Alternatively, the films 18 and conductors 19 may be formed of
silver paste with black pigment added thereto.
[0027] A pattern of the light-blocking, electrically conductive
films 18 is formed by first applying a sensitized black,
electrically conductive paste of the above-mentioned material over
the outer surface of the substrate and, then, shaping the applied
paste into a stripe pattern by photolithography, or may be formed
by printing light-blocking striped films with a black, electrically
conductive ink. Alternatively, a metal film, which is black or can
be made black afterwards, may be first formed over the entire
surface by vapor deposition and, then, patterned into striped,
light-blocking, electrically conductive films by photolithography.
The thus formed light-blocking, electrically conductive films each
may have a width entirely covering the portion corresponding to the
corresponding inner-pixel gap Rs, or may be stripes each formed at
the center of the respective one of the inner-pixel gaps with
spacings left between the opposing edges of the inner-pixel gap.

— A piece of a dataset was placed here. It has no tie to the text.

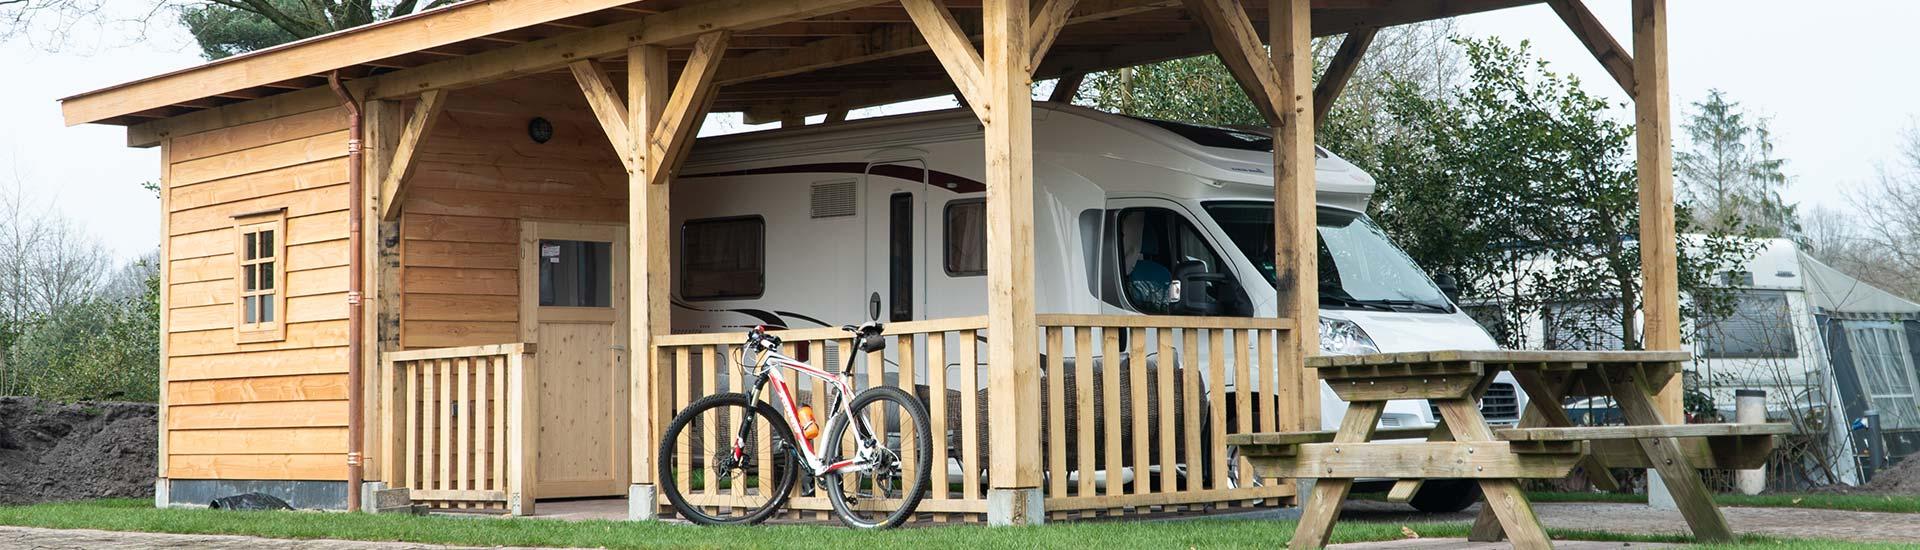 camperplaats-drenthe-camperpark-dwingeloo-met-overkapping-carport-02

In
any cases, the light-blocking, electrically conductive films 18 are
formed on a surface different from the surface on which the pairs
of display electrodes X's and Y's are formed, and, therefore, they
can be formed at low costs because there is no need to take
physical positioning and chemical reaction between materials into
account when they are formed.
[0028] Now, one example of methods for driving AC gas discharge
display device of this type is described. For displaying a moving
picture in a conventional television system, thirty frames per
second must be displayed. In displaying on the AC gas discharge
display device of the type, for reproducing colors by the binary
control of light emission, one field F is typically divided into or
replaced with a set of q subfields SF's. Often, the number of times
of discharging for display for each subfield SF is set by weighting
these subfields SF's with respective weighting factors of 2.sup.0,
2.sup.1, 2.sup.2, . . . , 2.sup.q-1 in this order. N
(=1+2.sup.1+2.sup.2+ . . . +2.sup.q-1) steps of brightness can be
provided for each color of R, G and B in one field by associating
light emission or non-emission with each of the subfields in
combination. In accordance with such a field structure, a field
period Tf, which represents a cycle of transferring field data, is
divided into q subfield periods Tsf's, and the subfield periods
Tsf's are associated with respective subfields SF's of data.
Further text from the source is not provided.